Every LLM call sends the JSON schema for every available tool in the request. Netclaw currently has ~30-40 tools registered, each with parameter schemas, descriptions, and examples. Measure how many tokens of each turn's input are actually tool definitions vs conversation content. The measurement itself is the deliverable — the decision on what to do with it depends on the numbers.

Why

Tool schemas are stable per-session — they don't change between turns unless the tool set itself changes (progressive disclosure, skill auto-load, etc.). That means they should live inside the cacheable prefix and ride along the #608 fix for free. But there are two ways they could secretly be costing us:

  1. If the schemas are large enough (say, 5k+ tokens of pure schema), the uncached cost on the FIRST turn of every session is non-trivial. Even with caching, you pay the full cost once per session + any turn where the tool set changes.

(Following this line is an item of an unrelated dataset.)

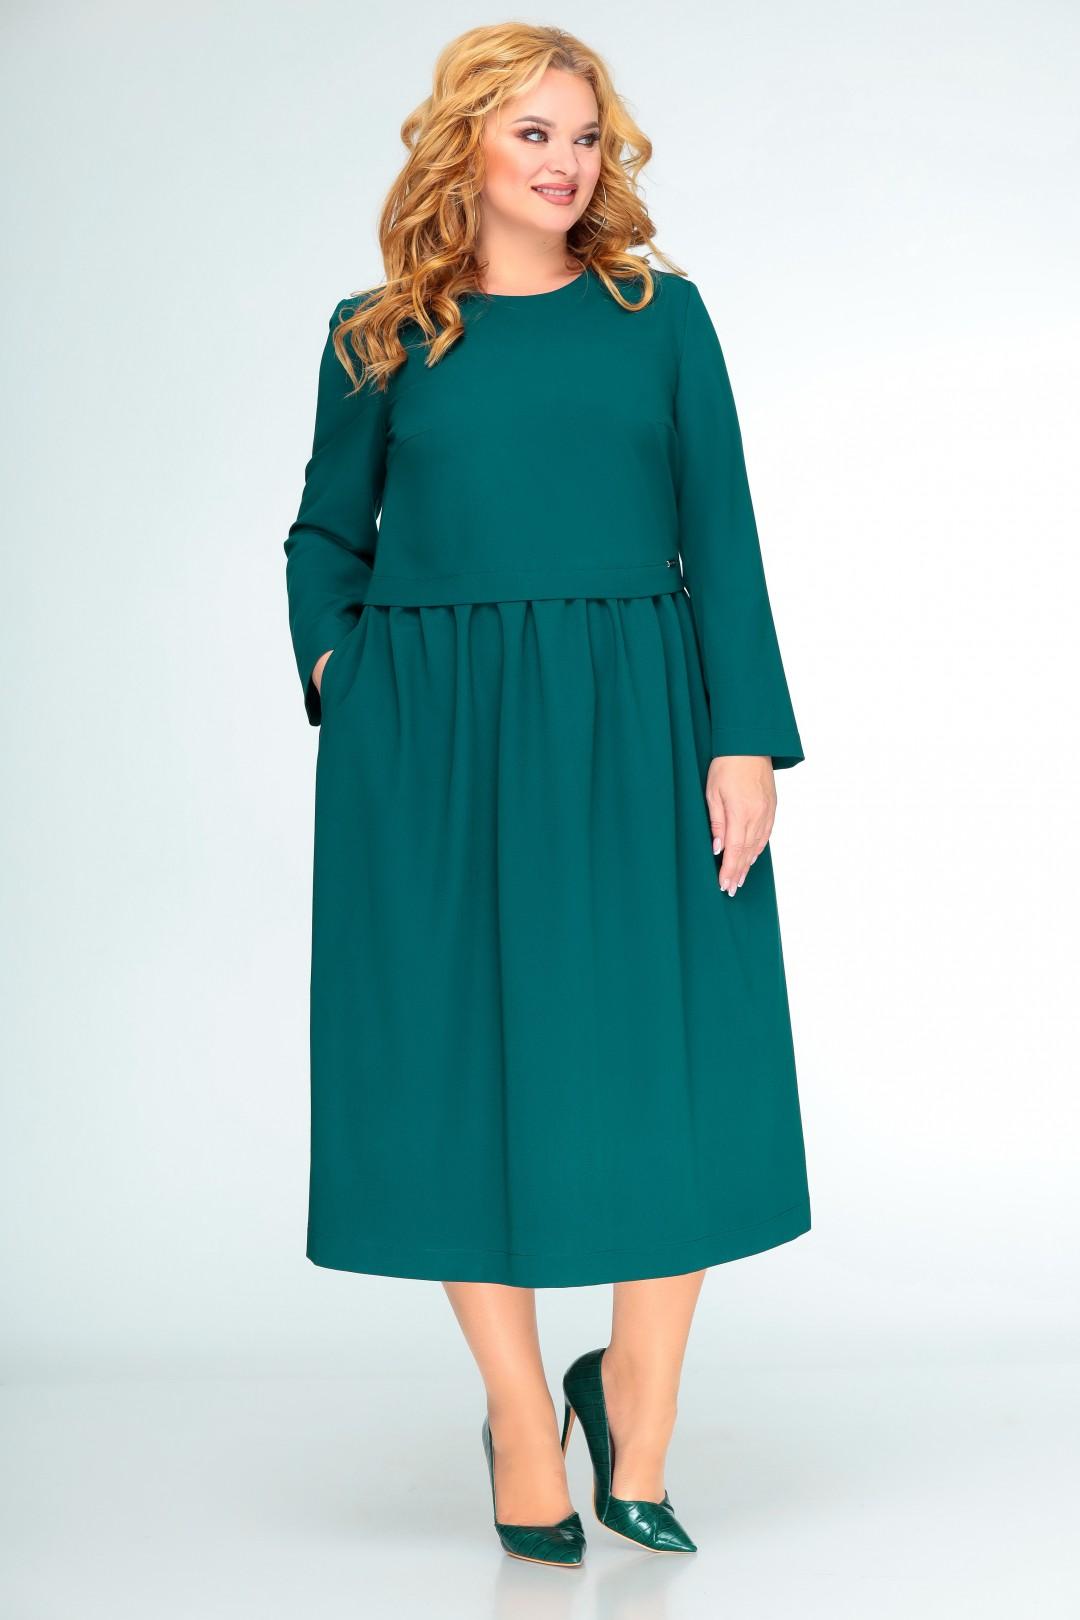 Платье Swallow 407 зеленый «бутылка»
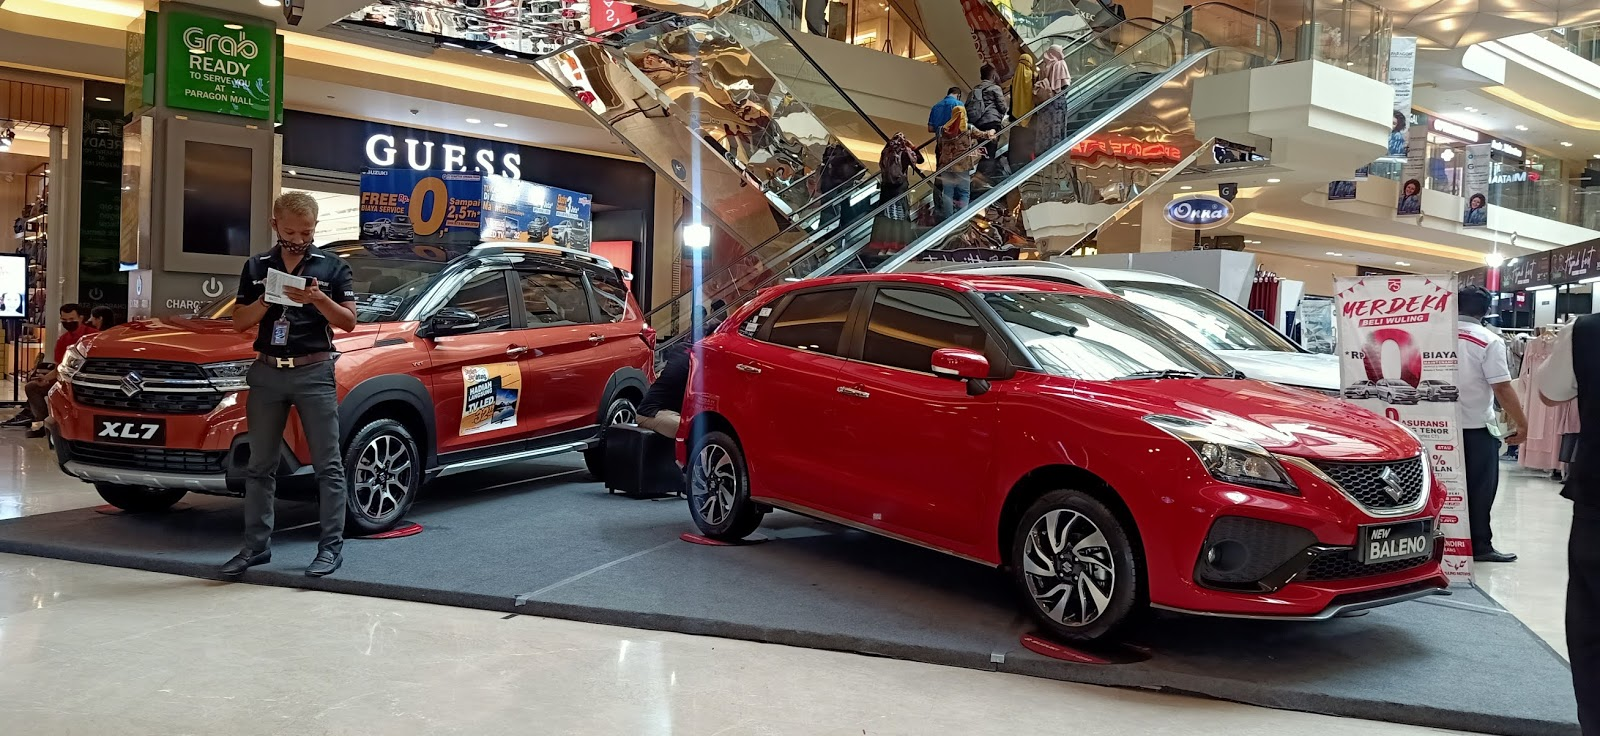 Pameran Mobil Suzuki Paragon Mall

  2. If the schemas sit in a position where they break prefix cache stability (e.g., if the tool list re-serializes with different ordering or whitespace each turn), they could be poisoning the cache we just worked so hard to make stable.

Method

Use the eval suite + Multi-Turn Cache Evolution table from the post-#608 baseline as a starting point. multi_turn_text_growth has 5 short chit-chat turns — minimal conversation payload, so the input size is almost entirely {persisted prompt + tool schemas + session block}.

From the current post-fix baseline (memory 6b42a0e4-8210-4e55-b9ca-8ff65c527cac):

multi_turn_text_growth  1  input=5380  cached=4707  uncached=673
multi_turn_text_growth  2  input=5038  cached=4864  uncached=174

That's roughly 5000 tokens of "static baseline" on each turn. SOUL.md + AGENTS.md + TOOLING.md account for some of it, tool schemas account for some of it. The question is what fraction.

Concrete steps

  1. Tap the Netclaw-side serialization point where tool schemas get added to the outgoing request. Log or capture the serialized JSON length of the tools field on one representative call.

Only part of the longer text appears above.